Conclusion (feasibility analysis): Under autotrophic conditions, the trade-off plot shows that the model can sustain growth and produce a small amount of lactoprotein when both the carbon source (CO₂) and nitrogen source (urea) are present. As carbon and nitrogen inputs increase, the growth rate rises and lactoprotein synthesis follows, demonstrating that the model design can indeed drive the production of the target product. Although the overall yield is relatively low, this reflects that under autotrophy the system is constrained by energy supply and fixation efficiency, representing a “low-output but feasible” state. This result confirms that the model has basic

physiological validity under autotrophic conditions and is capable of generating the product.

Global map under autotrophic conditions:

Under autotrophic conditions, fluxes are concentrated in hydrogen oxidation and the Calvin cycle, with hydrogenase mainly providing electrons and energy to drive CO₂ fixation.
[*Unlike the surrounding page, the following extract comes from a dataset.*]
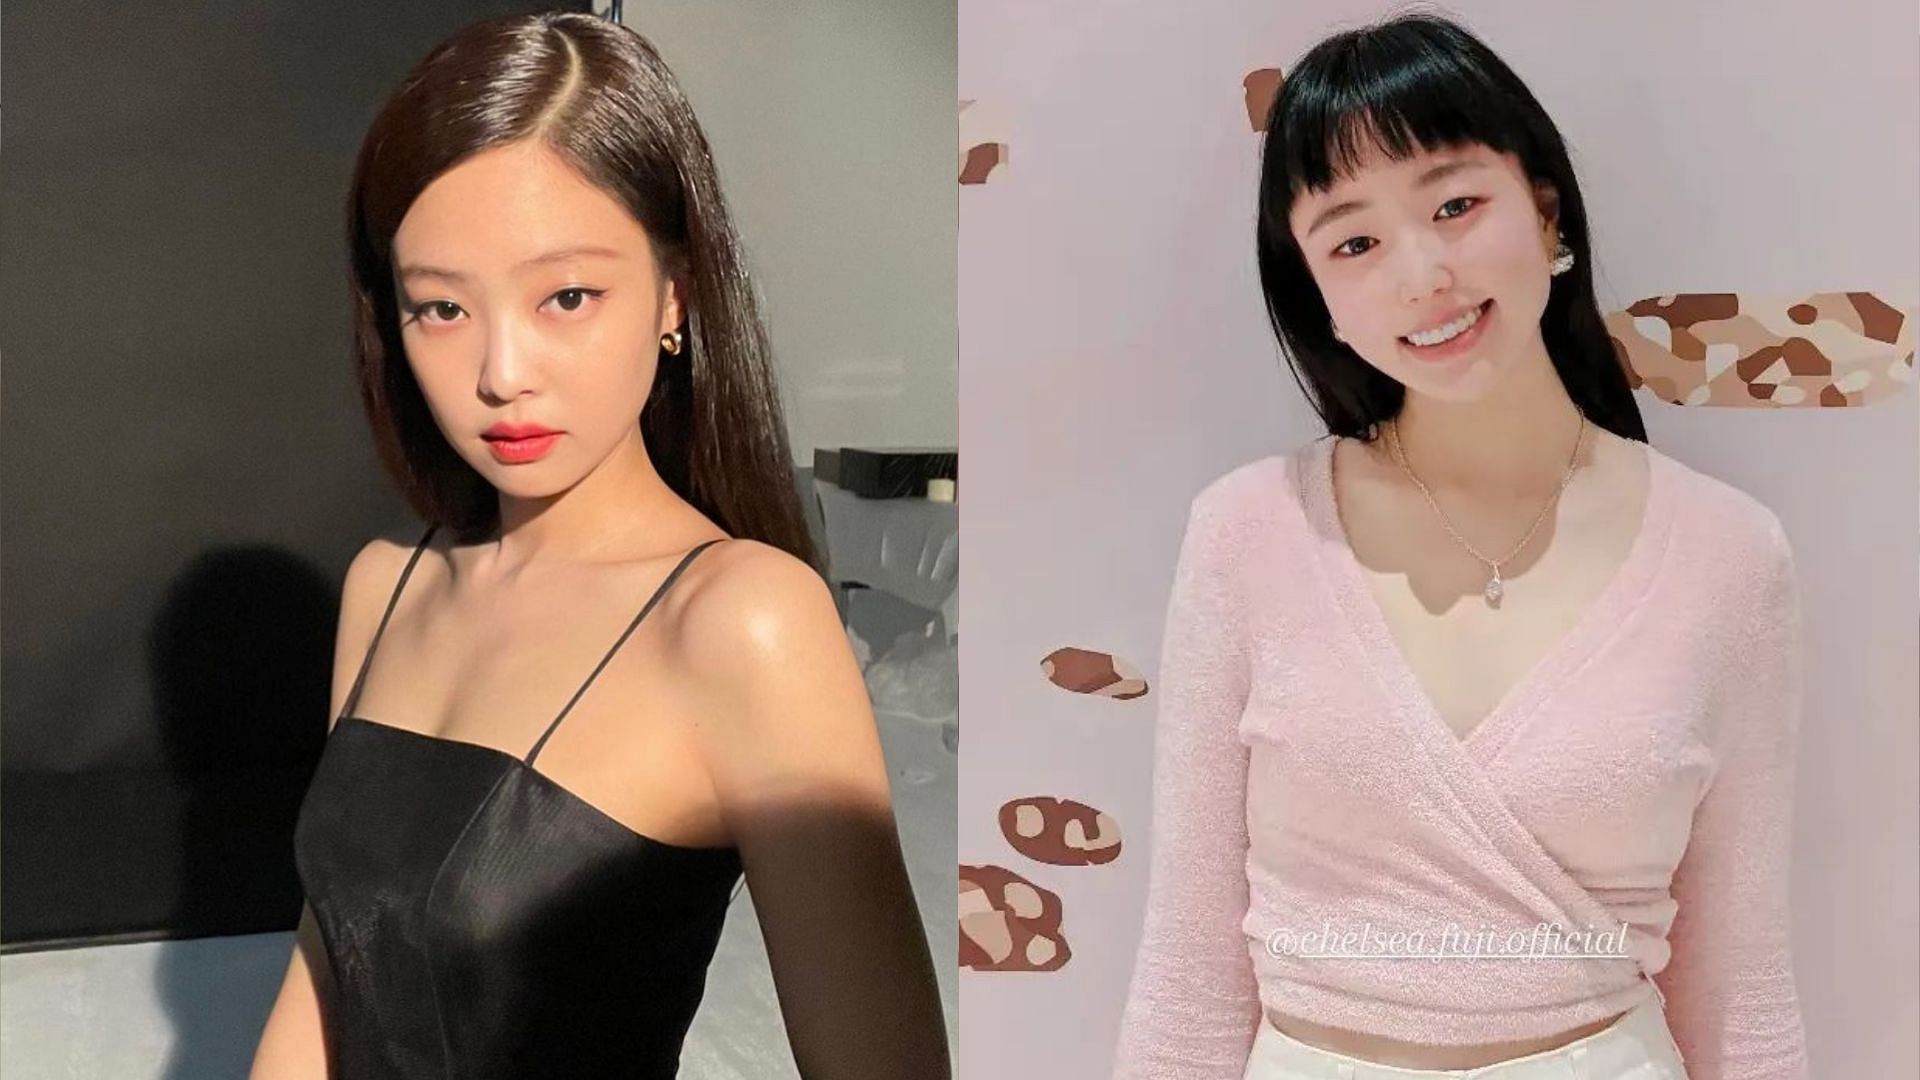 BLACKPINK&#039;s Jennie and her body double/dancer Chelsea Fuji (Images via Instagram/jennierubjane and chelsea.fuji.official)

The figure clearly shows that the Calvin cycle reaction pathway is strongly activated (with higher flux intensity in red), indicating that the model reasonably reproduces the mechanism of hydrogen-driven CO₂ fixation. The system can sustain a certain level of growth and metabolic flow.

Calvin cycle:

Feasibility analysis: The model can achieve target protein production under autotrophic conditions (mechanistically feasible).

Although under optimization for maximum growth, the cell prioritizes allocating resources to sustain biomass production and does not spontaneously channel flux toward the product synthesis reaction. As a result, the FVA shows zero flux for lactoprotein synthesis. In other words, the capability for product formation exists in the model but is not activated under the default optimization objective.

However, once metabolic engineering strategies are introduced—such as coupling lactoprotein synthesis with biomass—product formation increases in parallel with the growth rate, as confirmed by the pFBA and Escher results. Therefore, under autotrophic conditions, product synthesis is mechanistically feasible.